In un opera in totale ci sono dalle sei alle sette mutazioni di scena, due per ogni atto, se si hanno tre
atti e succede ogni volta che un personaggio esce o entra nel palcoscenico.
Con i Librettisti che aderiscono agli ideali dell’Accademia dell’Arcadia e della tragedia francese il
melodramma del ‘700 subisce alcune mutazioni infatti si decide di semplificare le trame, di ridurre
il numero delle scene e anche delle Arie per render più comprensibile e scorrevole la trama,
eliminando tutti i personaggi e episodi comici, per questo si distinguerà in Opere Serie ed Opere
Buffe che vedremo in seguito.
Le trame di questi libretti erano tratti in genere da opere Greche sopratutto quelle di Corneille e
Racinne, che trattavano i valori come la Costanza, l’Amicizia, la Fedeltà e il potere assoluto del
Sovrano.
Questo tipo di dramma era abbastanza elitario e il grande pubblico non comprendeva appieno il
linguaggio dei testi e la musica, solo gli aristocratici colti, la classe dominante, che con i loro gusti
andavano a determinare le trame, i contenuti dei libretti, li comprendevano appieno, loro a teatro si
alloggiavano nei palchetti mentre il resto del pubblico era in platea o in galleria, i posti che
costavano meno, e non avevano nessuna influenza nel trattare il carattere delle opere che erano
destinate alla classe dominante.
Tutte queste modifiche e cambiamenti furono graduali e furono il risultato di un orientamento
diffuso all’epoca.
Tra i Librettisti che contribuiscono all’innovazione di questi libretti abbiamo il veneziano Apostolo
Zeno che scrisse 36 libretti di argomento storico e mitologico, il suo lavoro fu fondamentale per
l’impostazione dell’Opera Seria che si basa sul principio del razionalismo dell’Arcadia, Zeno
è tra i fondatori della sede per l’Arcadia di Venezia detta “Accademia degli Animosi” fondata nel
1698, dopo di che, dal 1718 al 1729, Zeno ricopri l’incarico di Poeta di Corte a Vienna.
Va da sé quindi che i libretti di Zeno furono utilizzati nel corso di tutto il ‘700 dai compositori più
importanti dell’epoca perché funzionavano molto bene.

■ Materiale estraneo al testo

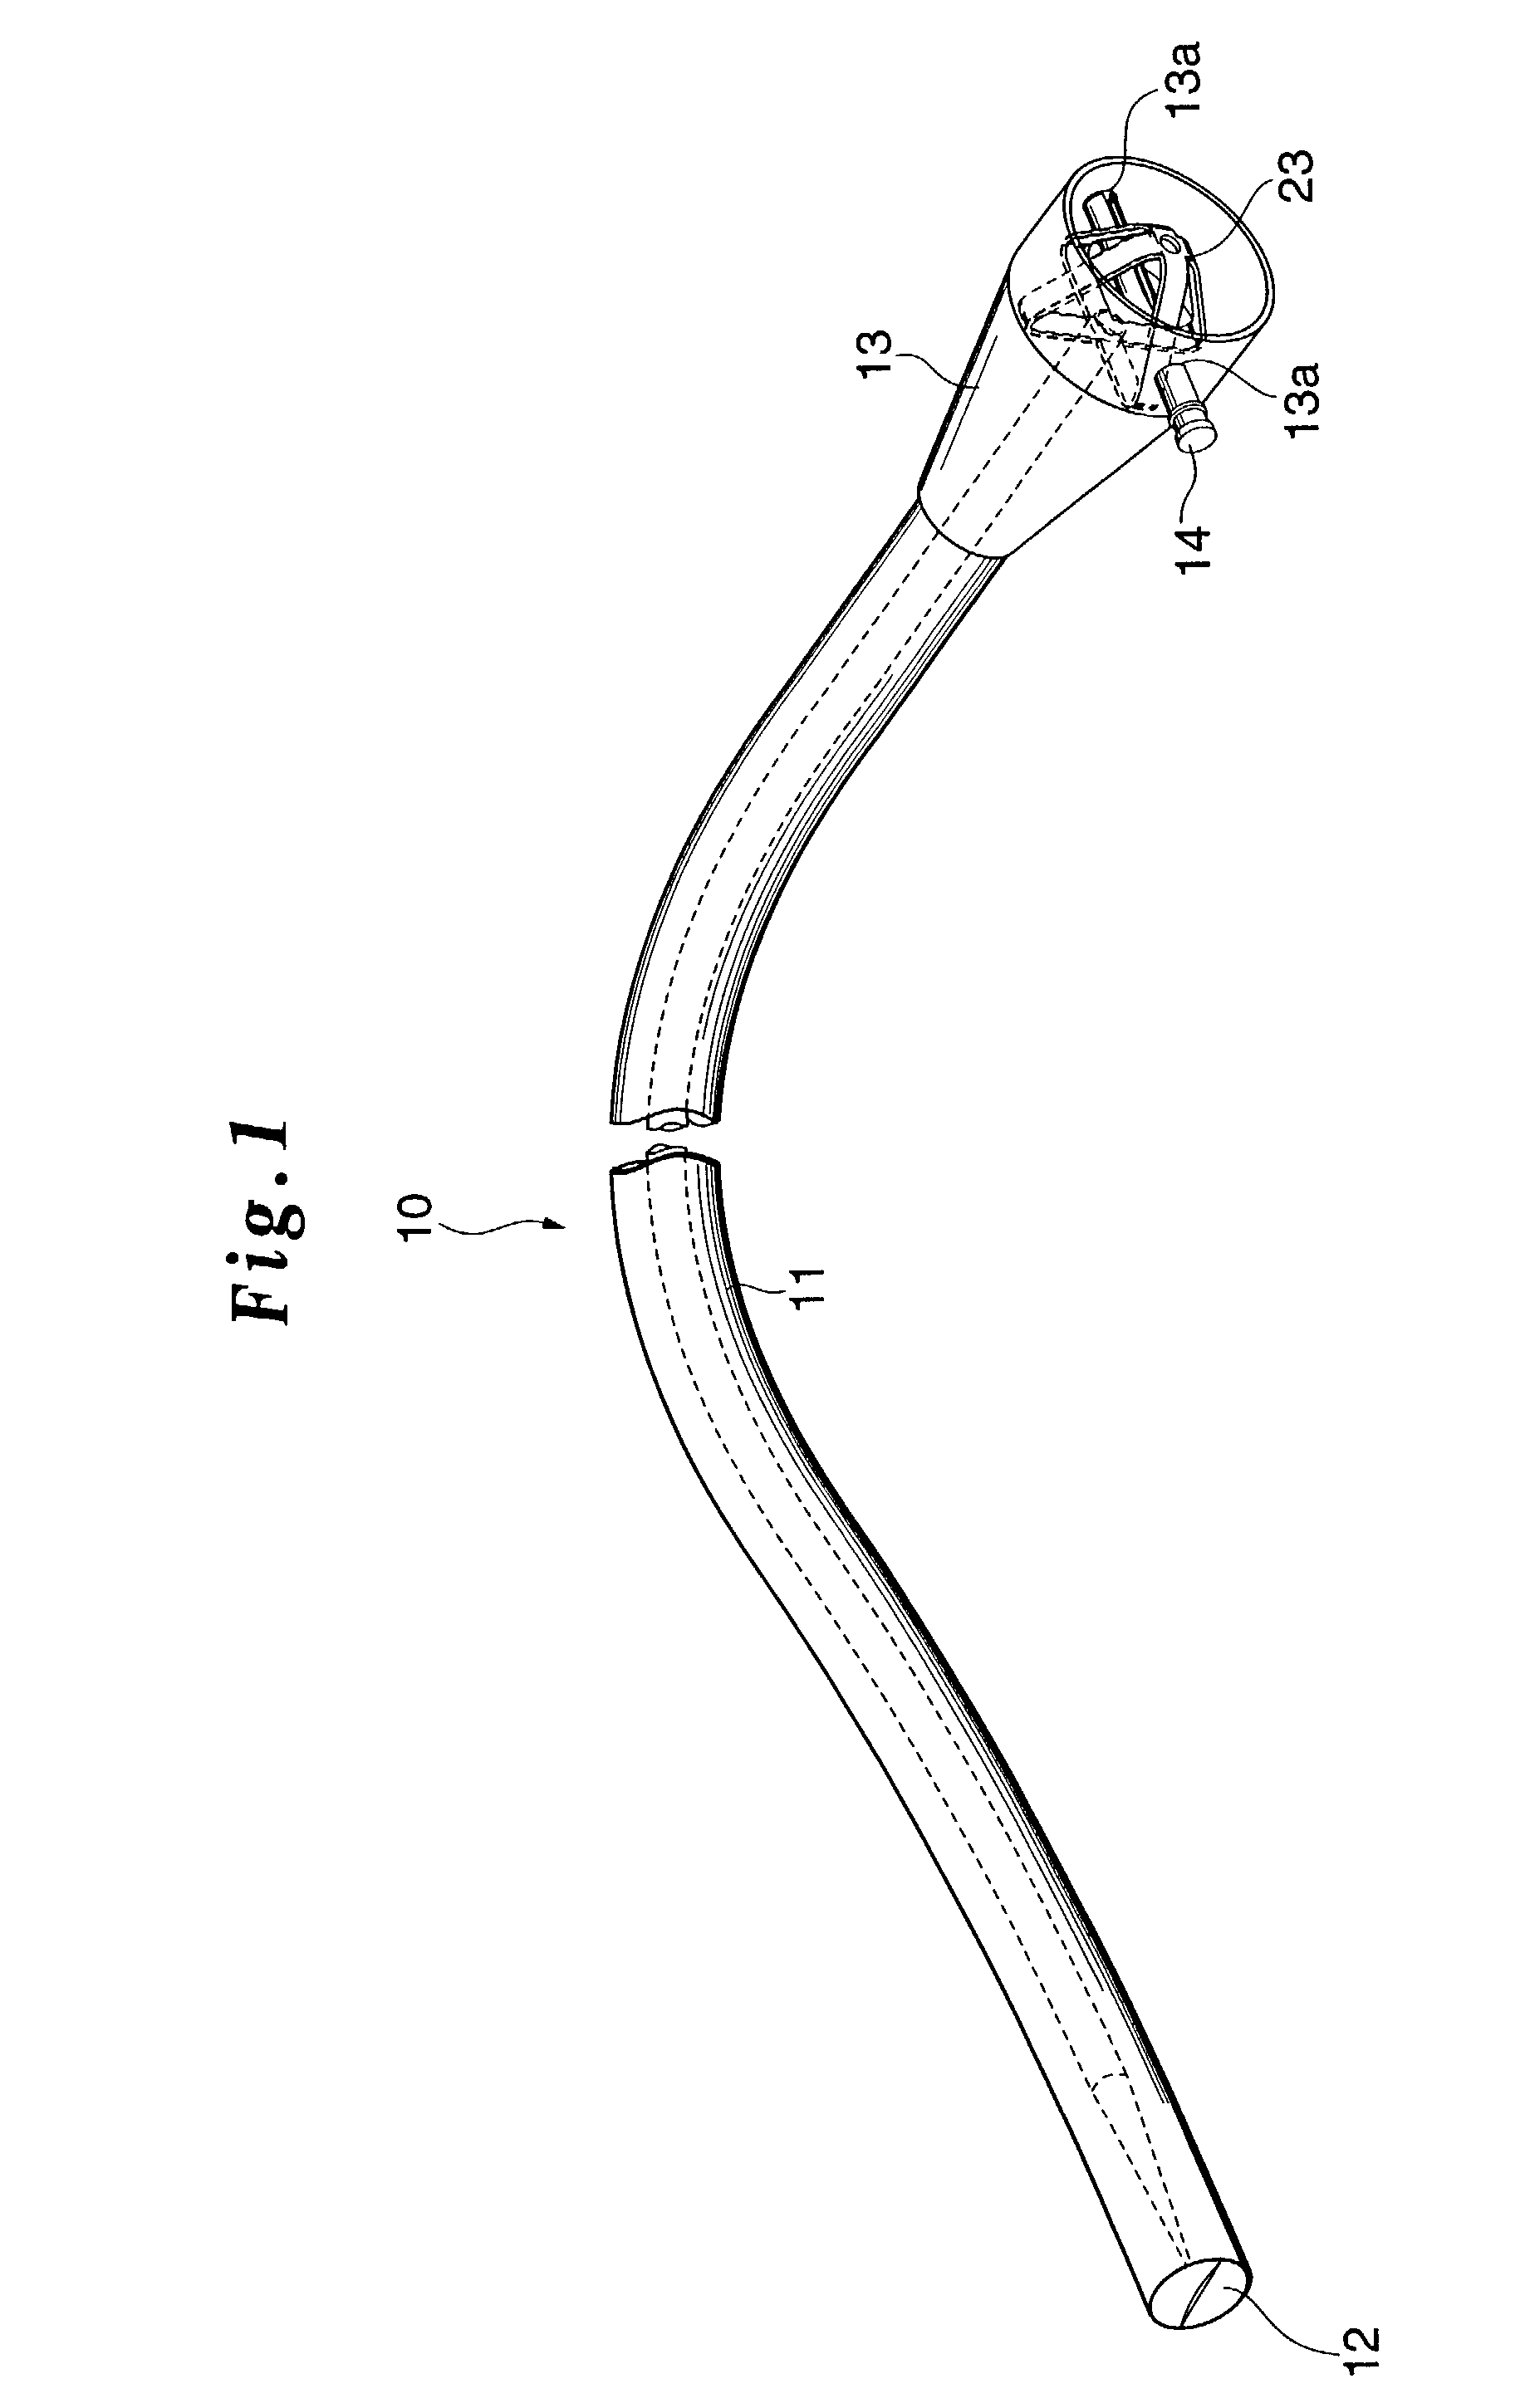 Method of gastrostomy, and an infection preventive cover, or catheter kit, and a gastrostomy catheter

Un altro librettista fondamentale in questo periodo è il romano Pietro Metastasio, che scrive 27
drammi, su libretti per musica, scritti in maniera molto funzionale alle esigenze musicali e mantiene
allo stesso tempo uno stile poetico elevato e perfeziona la struttura delle opere secondo i precetti
dell’Accademia dell’Arcadia che vi entra a far parte, nel gruppo di questi intellettuali, nel 1718.
I drammi scritti da Metastasio diventano un modello che ogni librettista cerca di seguire nell’arco
di tutto il ‘700, fra l’altro il periodo di ascesa al successo di Metastasio come librettista,
corrisponde con quello dell’affermazione di una nuova generazione di cantanti che raggiunge un
altissimo livello di abilità dal punto di vista della prassi esecutiva superiore a quella dei cantanti del
secolo precedente e aumentano le improvvisazioni, i lunghi vocalizzi e le articolazioni delle Arie
che fanno parte delle nuove composizioni.
Metastasio si forma e studia a Roma, poi sarà attivo sia a Napoli che a Venezia e a Roma.
Importante sarà l’incontro con i nuovi compositori della scuola Napoletana che hanno studiato nei
quattro conservatori noti di Napoli.
I primi drammi Seri scritti da Metastasio vengono musicati dal compositore calabrese Leonardo
Vinci, Metastasio aveva un buon rapporto con i compositori con cui lavorava e anche con alcuni
cantanti tra i più importanti dell’epoca che erano considerate della vere e proprie star come per
esempio il soprano Marianna Bulgarelli Benti soprannominata la Romanina in quanto proveniva
da Roma, per la quale scrive il primo Dramma Serio musicato dal pugliese Domenico Sarro
intitolato “Didone Abbandonata” del 1724, poi stringe amicizia con Carlo Broschi detto il
Farinelli, evirato, il più grande ed acclamato cantante del secolo.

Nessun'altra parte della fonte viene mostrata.